こんなことを覚えている人はいるであろうか。第二次大戦後、日本と中国は長く外交関係を結ばなかった。そこで登場した総理大臣田中角栄は、ひとり中国に渡って、外交の天才と目されていた周恩来と丁々発止のやりとりをした。なかなか合意地点が見つからなかったが、何とか「よし」それでは日中友好条約を結びましょうということになった。その時、中国のカリスマ的指導者毛沢東が一言、「喧嘩は終わりましたか」と言ってニコニコした。それで全ては終わった。対立していた二つのアジアの大国は友達となったのである。これが「和」の神髄である。

【2.和の歴史】
最近は、日本人がおとなしくなって、論争というものも少なくなった。NHKが毎年おこなっている成人式の「青年の主張」にモンゴルから留学している高校生がこんなことを言っていた。「モンゴルにいた時は、友達と色々なことで論争などをしたものですが、日本にきてから、そんなことが全くなくなってしまった」と日本の若者の現状を一種皮肉を込めて話していた。本当にこれで良いのか、と結んだ。言われる通りではあるまいか。

考えてみれば日本という国は、古代から、ことごとく「和」の精神からはずれた、「和合」の歴史を積み重ねてきた。逆らえば。武力による威嚇で国盗りが横行、とくに九州の隼人や東北の蝦夷(えみし)と言われた人々は、祭ろわぬ民として、武力によって征服された民であった。また「和の国」の強引な「和」の論理に「同」じざるを得なかった出雲の出雲族は、大きな社を与えられて、「国譲り」等と称する儀式によって、「和」という国の一翼をになって、日本列島の部族を集合し、日本という国家を形成の一翼を担っていくような民も現れたのである。

【和と宗教】
征服者が初めに手を付ける事と云えば、世界中どこでも同じで、宗教から手を付ける。つまり同じ神仏を、信じ込ませ、神社仏閣を創建するのである。時には以前祭ろわぬ者たちが信じていたはずの神殿を打ち壊して、そこに征夷たちの信じる神々を祭ったりもする。

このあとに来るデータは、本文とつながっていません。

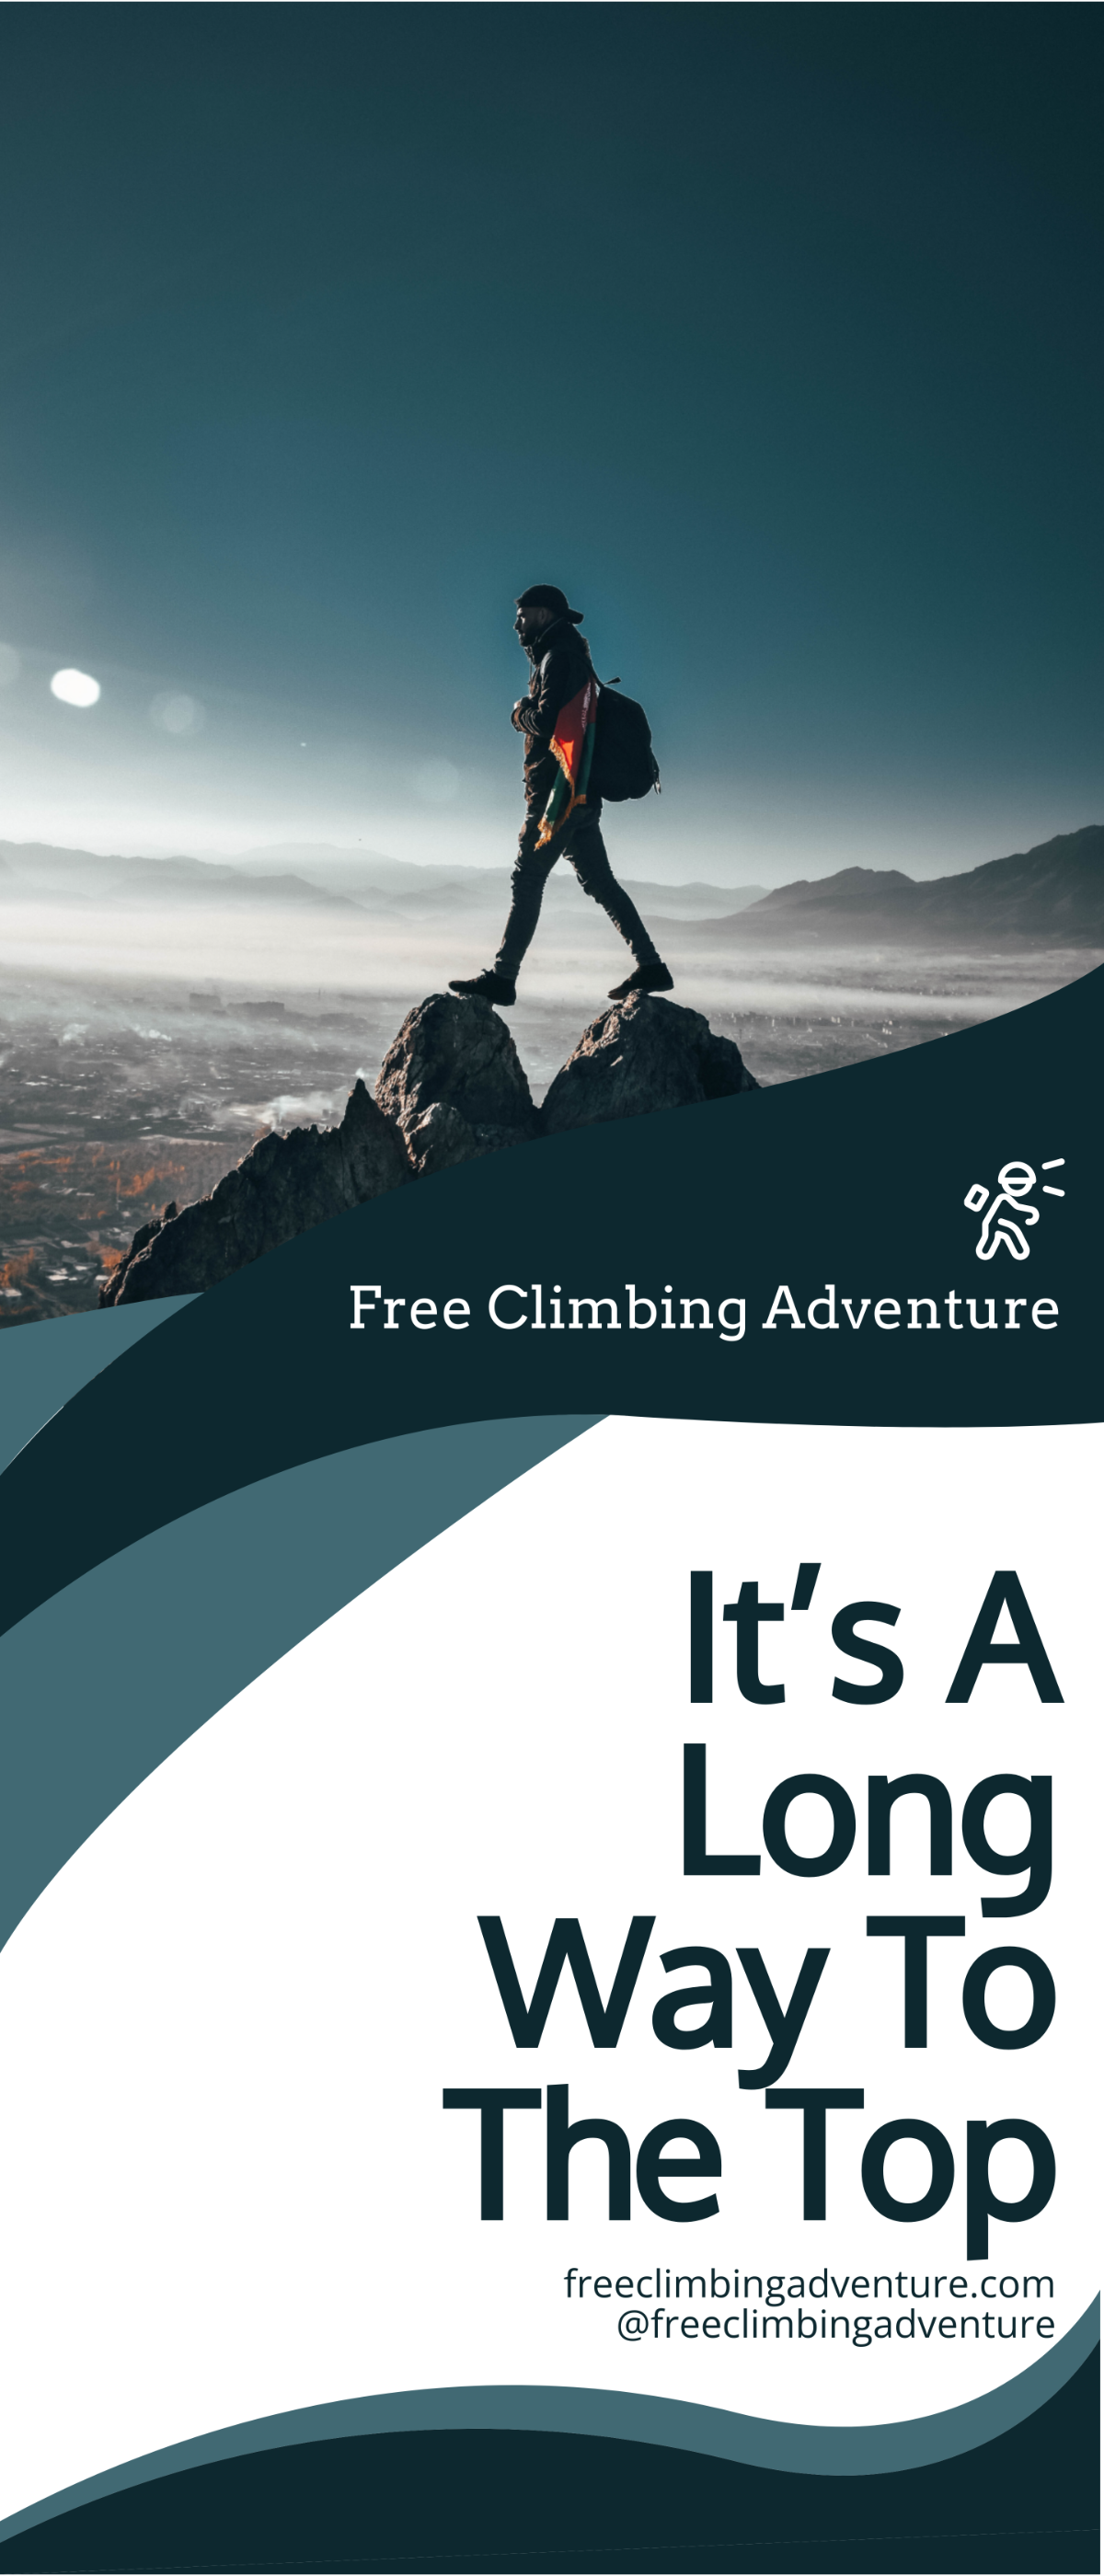 Free Climbing Sport Roll-Up Banner Template

しかしそこには当然の如く祟りということが発生する。そこで祟っている怨霊を鎮める専門家が登場する。古代の日本でも、怨霊を鎮めることは、先端の秘法だった。盛んに中国から怨霊鎮めの秘法を持ち帰っては、日本中の怨霊を鎮めにかかった。真言密教の空海や天台宗の祖最澄もそんな怨霊鎮めを盛んにやって、時の権力に媚びて大寺院を建てた男たちである。今小説などで話題になっている安倍清明のような陰陽師(おんみょうじ)もそんな人間のひとりである。

初め和の国(古代日本)の宗教は、神道であったが、近代宗教としての仏教が中国からもたらされると、それが古い宗教である神道を圧倒するようになった。その力の源泉は、やはり加持祈祷であり、後に弘法大師として宗教界のカリスマとなる空海はそんな新宗教の代表的人物である。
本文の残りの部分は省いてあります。